Nos termos espontâneo e espontaneidade está a palavra latina "spons, spontis", que significa livre vontade. Como, porém, a compreensão do termo livre ou liberdade também está influenciada pelo modelo biológico-vegetativo, usemos ao invés de livre vontade, a expressão "boa vontade".
A espontaneidade como boa "vontade" tem pouco a ver com a espontaneidade natural biológico-vegetativa. Antes, se refere ao modo de ser próprio do homem, para além do nível do ser orgânico biológico-vegetativo, ao modo de ser chamado empenho e desempenho do querer. Hoje, talvez denominaríamos esse modo de ser próprio do homem de autonomia, responsabilidade de ser, engajamento.
O adjetivo "boa", por sua vez, se presta a equívocos, pois, estamos acostumados a entender a bondade da boa vontade como bonachão. Assim, boa vontade é uma espécie de vontade menos forte que fica no desejo, na disposição interior, e que propriamente não é vigor, não é dinâmica da ação. Por isso dizemos: a boa vontade não basta, é necessário fazer.

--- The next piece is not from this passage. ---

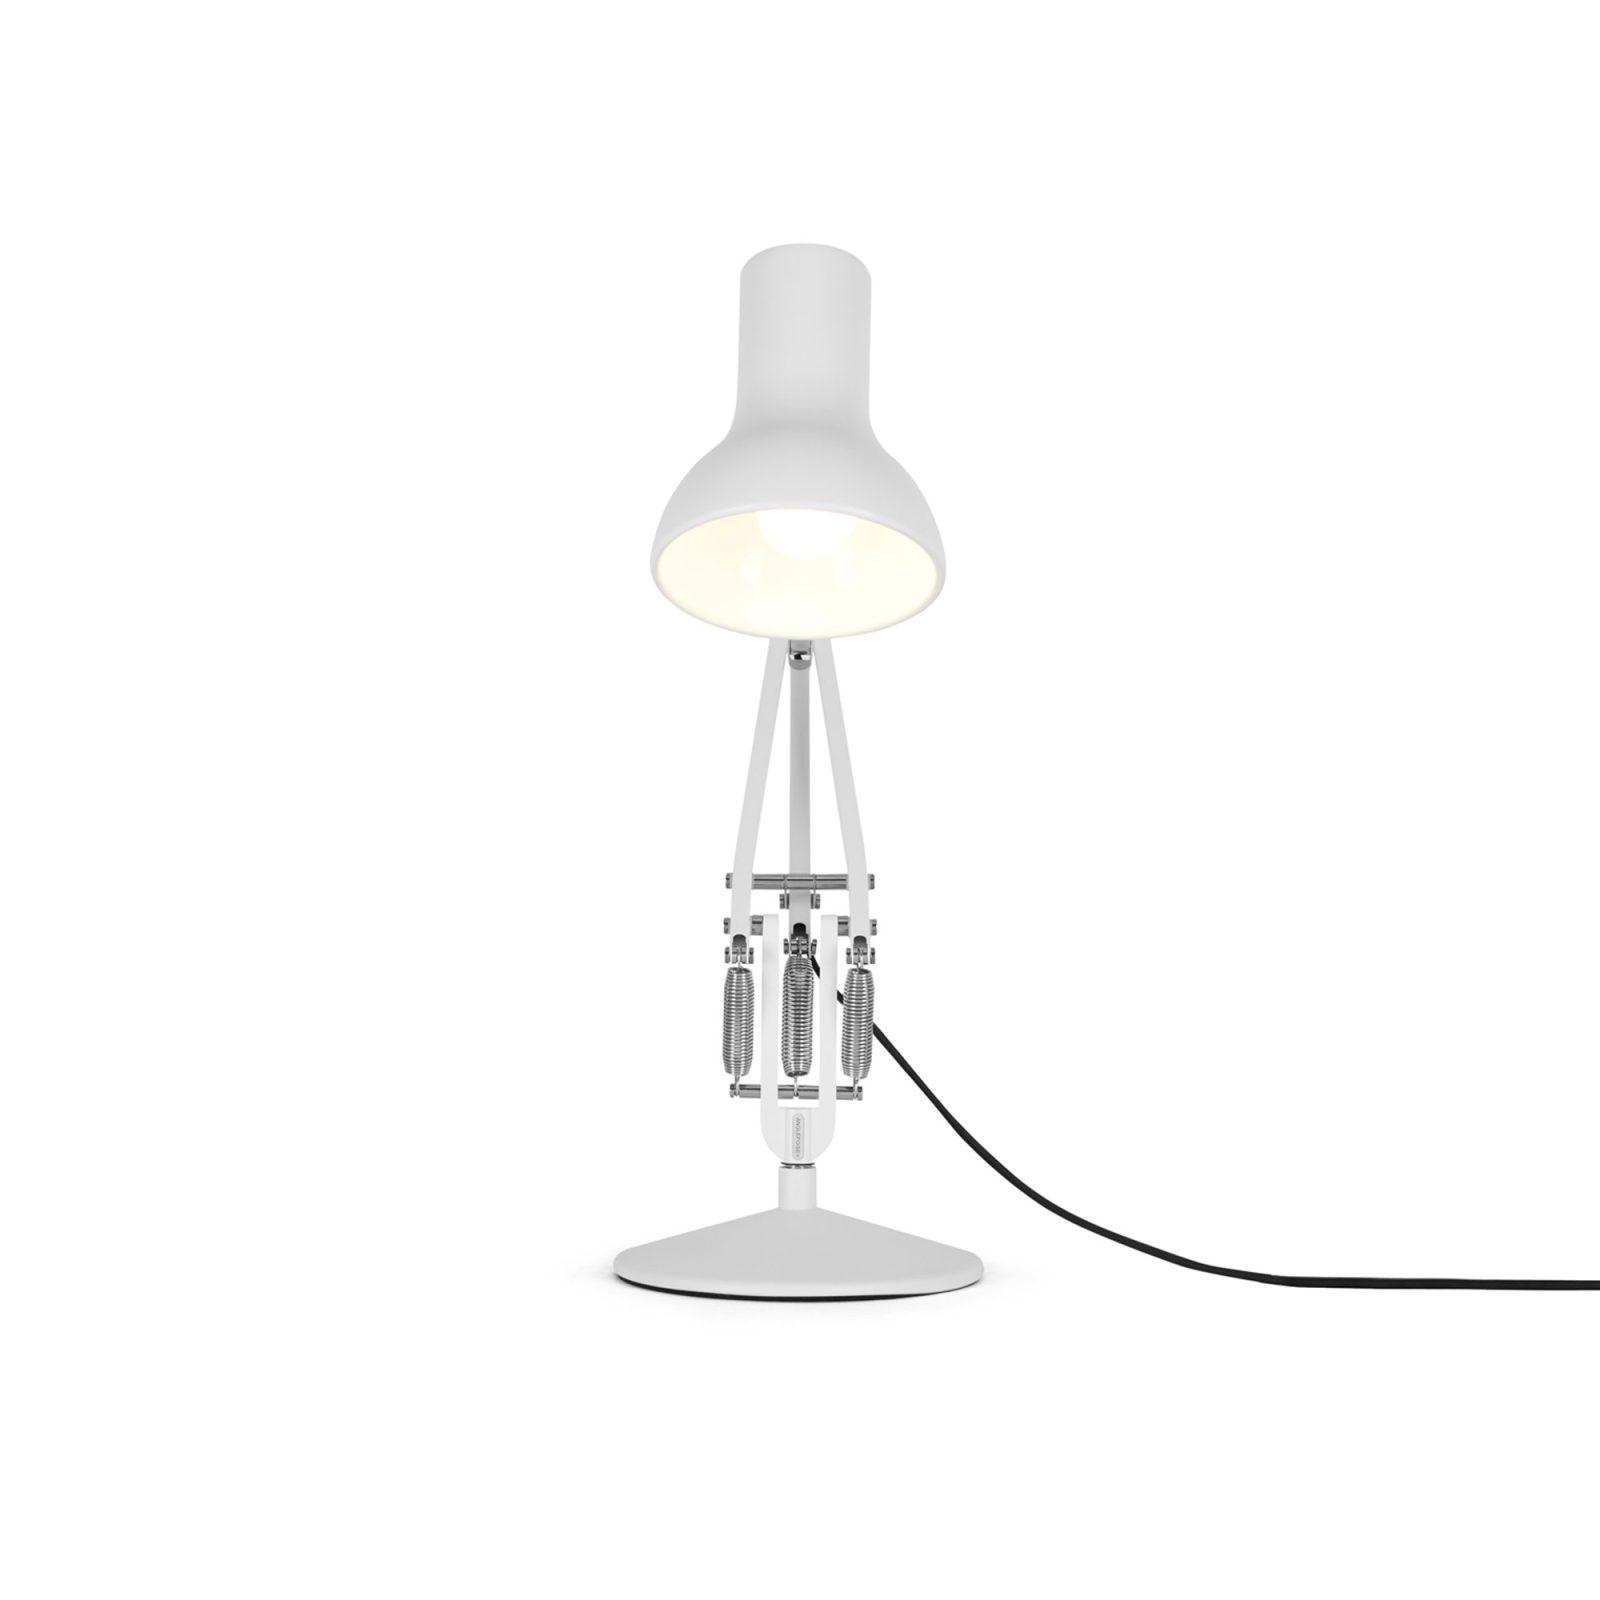 type-75-mini-desk-lamp-1
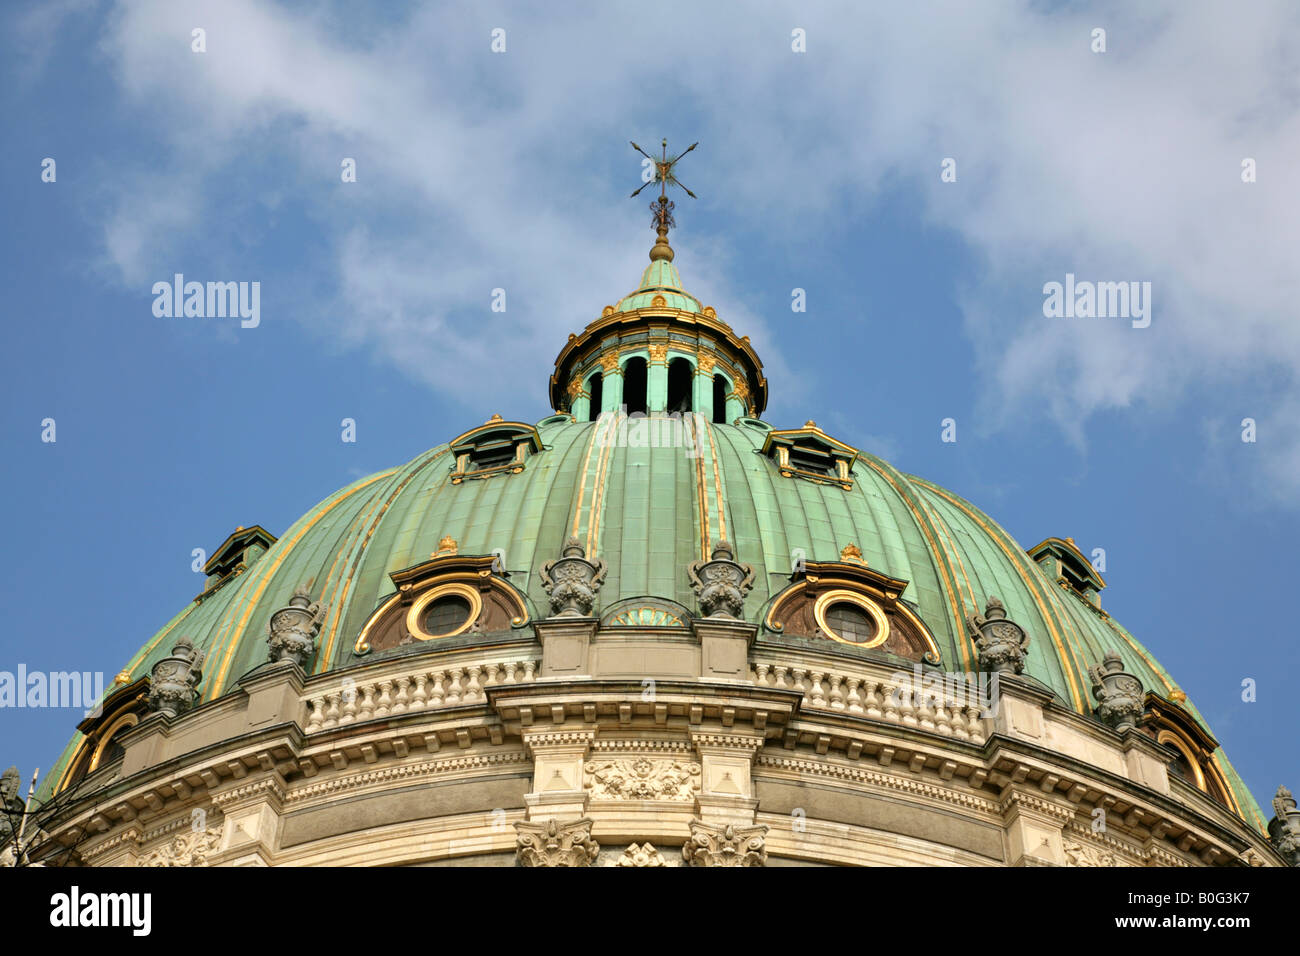 The dome of Frederikskirken, or Marmorkirken, or Marble Church, Copenhagen, Denmark - Stock Image

Este mesmo adjetivo, no seu sentido original quer dizer "perfeito". Perfeito é o que se fez "per", isto é, através de longo processo de árduo trabalho de conquista e está no ponto, no auge da sua identidade. Para que alguém chegue a ser bom nesse sentido, pressupõe-se que percorra toda uma dura caminhada de trabalho, onde se devem enfrentar lutas, obstáculos, dificuldades, onde o eu é purificado de uma porção de ensimesmamentos, onde se exige uma contínua desinstalação do saber que sempre de novo se fixa em pontos de vista.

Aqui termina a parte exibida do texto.